YOUR GOAL: In the records that follow, find each line with "moderne" and pull it out.

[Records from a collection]
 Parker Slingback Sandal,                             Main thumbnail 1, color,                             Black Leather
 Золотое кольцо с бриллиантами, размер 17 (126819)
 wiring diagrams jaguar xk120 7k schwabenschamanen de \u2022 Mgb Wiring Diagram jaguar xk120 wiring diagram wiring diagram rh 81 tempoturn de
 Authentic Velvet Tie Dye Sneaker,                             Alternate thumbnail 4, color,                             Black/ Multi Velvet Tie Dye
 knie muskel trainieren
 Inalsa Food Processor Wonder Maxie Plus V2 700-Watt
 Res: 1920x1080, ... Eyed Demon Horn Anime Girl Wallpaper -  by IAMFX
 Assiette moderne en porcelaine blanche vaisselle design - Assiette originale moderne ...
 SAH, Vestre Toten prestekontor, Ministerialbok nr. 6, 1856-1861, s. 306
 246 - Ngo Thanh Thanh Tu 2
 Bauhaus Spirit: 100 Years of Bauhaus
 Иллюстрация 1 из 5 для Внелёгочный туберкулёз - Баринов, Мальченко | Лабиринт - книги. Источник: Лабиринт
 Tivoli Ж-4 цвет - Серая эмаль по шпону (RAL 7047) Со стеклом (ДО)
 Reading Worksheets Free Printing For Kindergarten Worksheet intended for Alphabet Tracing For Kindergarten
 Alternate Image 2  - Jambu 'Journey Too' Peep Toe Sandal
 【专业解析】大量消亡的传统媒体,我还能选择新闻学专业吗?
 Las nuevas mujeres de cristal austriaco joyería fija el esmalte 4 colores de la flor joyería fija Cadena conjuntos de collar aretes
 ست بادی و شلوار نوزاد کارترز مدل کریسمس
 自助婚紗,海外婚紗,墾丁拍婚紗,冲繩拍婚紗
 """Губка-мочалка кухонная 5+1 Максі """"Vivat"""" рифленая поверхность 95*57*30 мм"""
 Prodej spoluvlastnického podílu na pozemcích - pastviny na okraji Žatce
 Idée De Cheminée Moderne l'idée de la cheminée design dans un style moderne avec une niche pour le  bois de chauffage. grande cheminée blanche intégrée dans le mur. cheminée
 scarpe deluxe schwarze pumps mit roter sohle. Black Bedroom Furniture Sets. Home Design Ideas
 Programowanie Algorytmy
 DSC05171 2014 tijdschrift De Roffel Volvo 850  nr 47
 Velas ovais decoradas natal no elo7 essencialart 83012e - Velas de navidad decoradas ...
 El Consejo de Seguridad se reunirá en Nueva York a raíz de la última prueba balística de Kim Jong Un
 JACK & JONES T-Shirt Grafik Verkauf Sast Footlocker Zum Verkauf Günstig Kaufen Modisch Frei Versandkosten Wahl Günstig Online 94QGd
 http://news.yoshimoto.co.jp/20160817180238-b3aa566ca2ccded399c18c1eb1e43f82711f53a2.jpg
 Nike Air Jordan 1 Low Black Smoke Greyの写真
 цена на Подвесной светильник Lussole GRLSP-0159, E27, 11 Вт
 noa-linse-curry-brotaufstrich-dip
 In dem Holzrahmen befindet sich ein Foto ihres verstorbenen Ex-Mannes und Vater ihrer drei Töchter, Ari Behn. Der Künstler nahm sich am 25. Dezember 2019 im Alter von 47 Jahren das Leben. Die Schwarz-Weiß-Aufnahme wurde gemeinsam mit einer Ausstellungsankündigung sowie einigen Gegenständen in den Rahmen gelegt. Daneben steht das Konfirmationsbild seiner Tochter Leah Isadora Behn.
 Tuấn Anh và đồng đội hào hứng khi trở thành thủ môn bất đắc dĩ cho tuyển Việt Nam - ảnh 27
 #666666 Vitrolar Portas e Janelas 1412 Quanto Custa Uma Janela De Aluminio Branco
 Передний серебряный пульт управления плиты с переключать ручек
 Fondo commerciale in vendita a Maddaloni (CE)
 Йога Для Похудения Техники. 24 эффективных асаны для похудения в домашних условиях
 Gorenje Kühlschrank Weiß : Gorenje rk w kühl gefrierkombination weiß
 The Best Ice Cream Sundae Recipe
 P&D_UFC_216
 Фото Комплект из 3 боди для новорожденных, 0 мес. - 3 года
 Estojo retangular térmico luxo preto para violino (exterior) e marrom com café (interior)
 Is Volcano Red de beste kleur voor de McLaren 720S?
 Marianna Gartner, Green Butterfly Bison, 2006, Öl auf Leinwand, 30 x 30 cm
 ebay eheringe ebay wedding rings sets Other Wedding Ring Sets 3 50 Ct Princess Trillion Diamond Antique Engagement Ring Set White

ANSWER BOX:
 Assiette moderne en porcelaine blanche vaisselle design - Assiette originale moderne ...
 Idée De Cheminée Moderne l'idée de la cheminée design dans un style moderne avec une niche pour le  bois de chauffage. grande cheminée blanche intégrée dans le mur. cheminée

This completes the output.